“U.S. Seeks Arrest of Mexican Kingpin Who Was Freed in American’s Murder”

August 15, 2013

The New York Times on August 14, 2013 released the following:

“By PETER BAKER and RANDAL C. ARCHIBOLD

WASHINGTON — The United States has formally asked Mexico to re-arrest a drug kingpin who was released from prison in the middle of the night last week despite his conviction for masterminding the murder of an American drug agent nearly 30 years ago, officials from both governments said Wednesday.

The Justice Department sent Mexico a provisional arrest warrant for the drug lord, Rafael Caro Quintero, as a prelude to an extradition request. The officials, who asked not to be identified discussing the confidential collaboration, said Mexico’s attorney general privately encouraged the United States to send the request, a sign that the government there would act on it.

The case has stirred strong feelings among American law enforcement officials and become a fresh test of the relationship between the two neighboring countries at a time when they are trying to broaden it beyond the issues of crime, drugs and immigration. Vice President Joseph R. Biden Jr. plans to visit Mexico next month to talk about ways to expand economic ties, and both governments appear eager to avoid any enduring damage over the release of Mr. Caro Quintero.

Brian Fallon, a Justice Department spokesman, said that he could not comment on any arrest request but that Attorney General Eric H. Holder Jr. had personally involved himself in discussions. “The attorney general is in contact with top Mexican authorities to convey concerns about the release and figure out steps forward,” Mr. Fallon said.

The American authorities are also searching for other ways to go after Mr. Caro Quintero, who was convicted in the murder of Enrique Camarena, a Drug Enforcement Administration agent known as Kiki, who was abducted, tortured and killed in 1985. The Treasury Department is examining whether it can squeeze Mr. Caro Quintero financially while the Justice Department prepares an Interpol arrest request.

Mexico’s attorney general, Jesús Murillo Karam, has expressed concern about the decision by a Mexican court to release Mr. Caro Quintero, who had served 28 years of a 40-year sentence, and said he would appeal the ruling to the country’s Supreme Court. He told United States authorities on Monday that they should file their arrest request, and lawyers worked overnight to draft it, according to an American official. A Mexican official said that Mr. Murillo Karam encouraged the American arrest request in case he was unsuccessful in reversing the ruling in a Mexican court.

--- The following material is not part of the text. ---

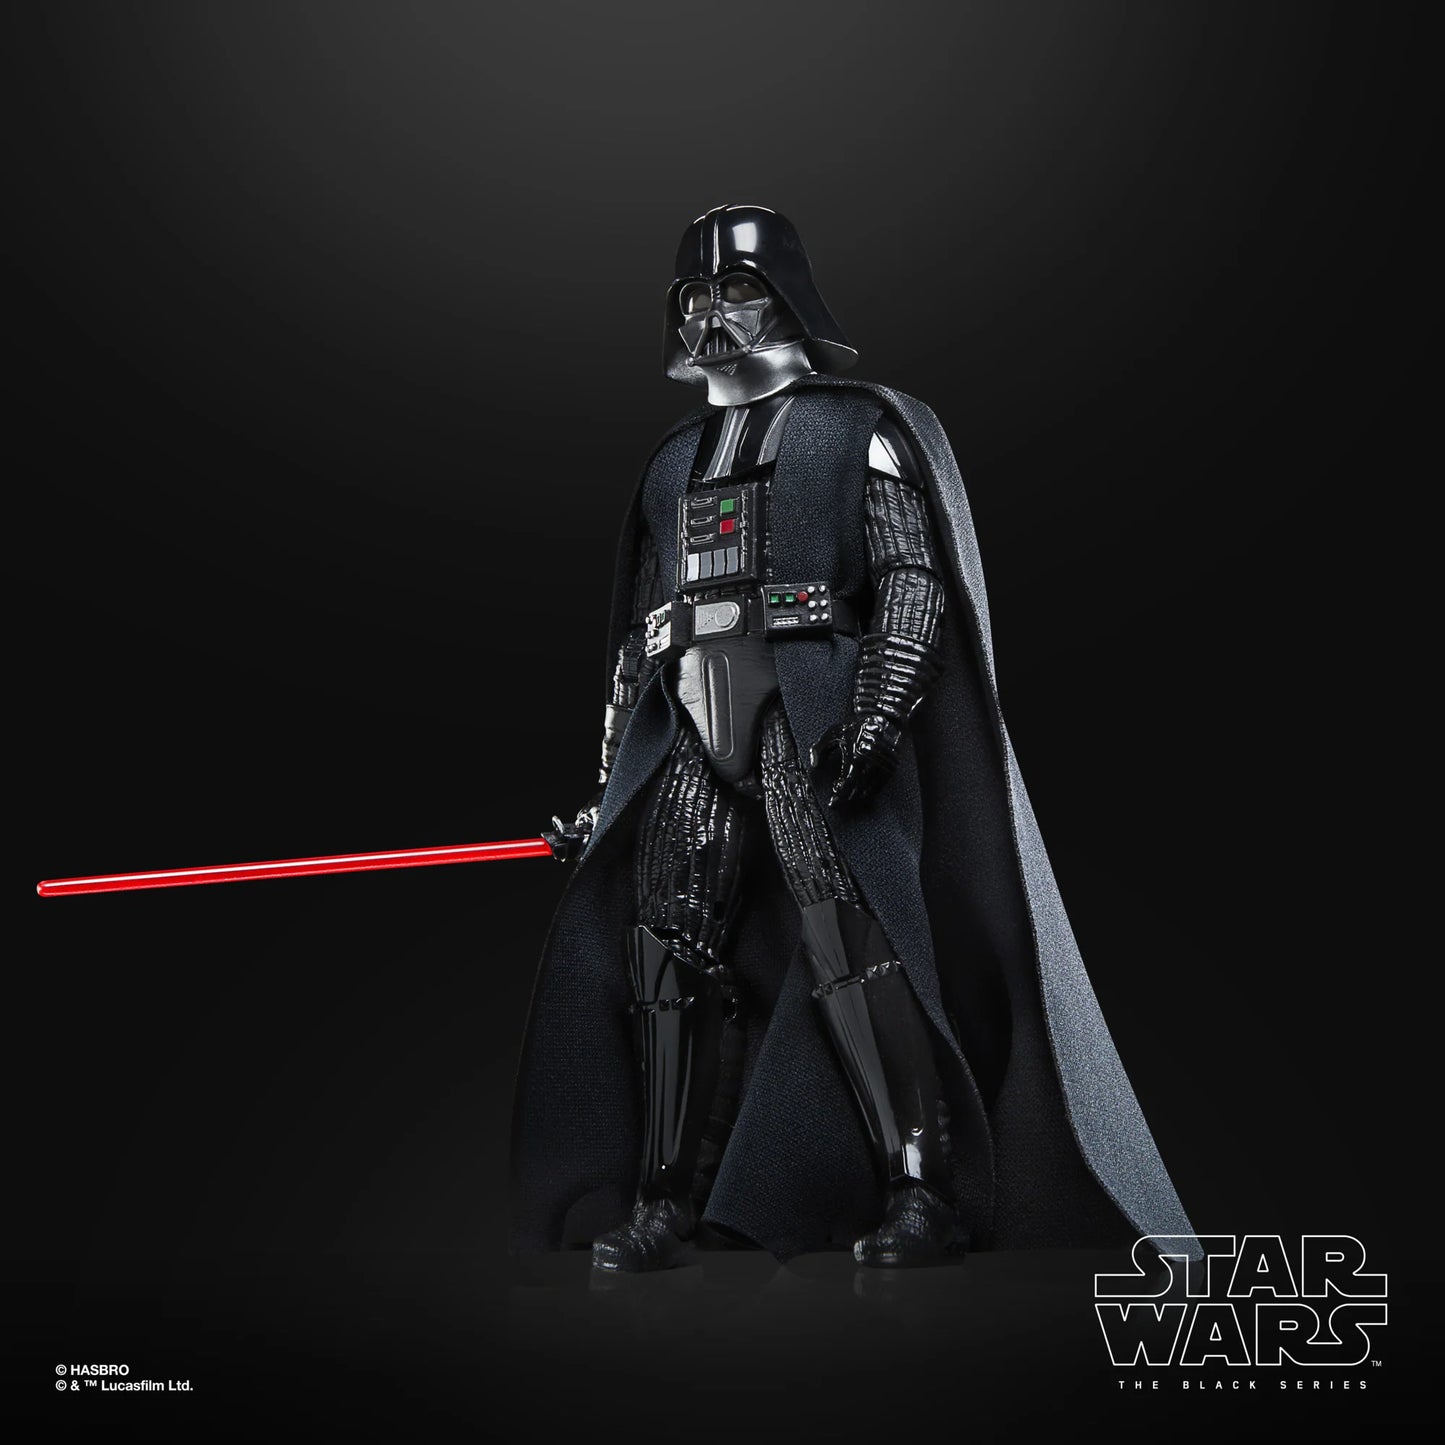 Star Wars The Black Series Darth Vader 6 Inch Action Figure

Whether Mexican authorities can find Mr. Caro Quintero again remains an open question. When he was released from prison in Jalisco State at 2 a.m. Friday, security agents monitoring the facility decided to follow him, but they lost him, the Mexican official said. The official said security agents now have an idea about his whereabouts and are looking into that.

American and Mexican officials have said they were caught off guard by the court’s ruling, with legal experts saying that Mr. Caro Quintero’s lawyers outflanked prosecutors with a technical, but often successful, argument that the case was improperly prosecuted in federal court rather than state court.

Mexico’s foreign minister, José Antonio Meade, reiterated Mexico’s disagreement with the decision and said it would work to ensure “it is corrected,” but he sidestepped questions about whether the United States had filed an extradition request. Foreign Ministry officials declined to comment.

Mexican legal experts said Mr. Caro Quintero could not be extradited for Mr. Camarena’s killing because of a double jeopardy provision in the extradition treaty that bars turning anyone over on a charge that has been heard in trial. American lawyers could argue that the judge’s ruling effectively meant that he never was legitimately tried and that double jeopardy does not apply.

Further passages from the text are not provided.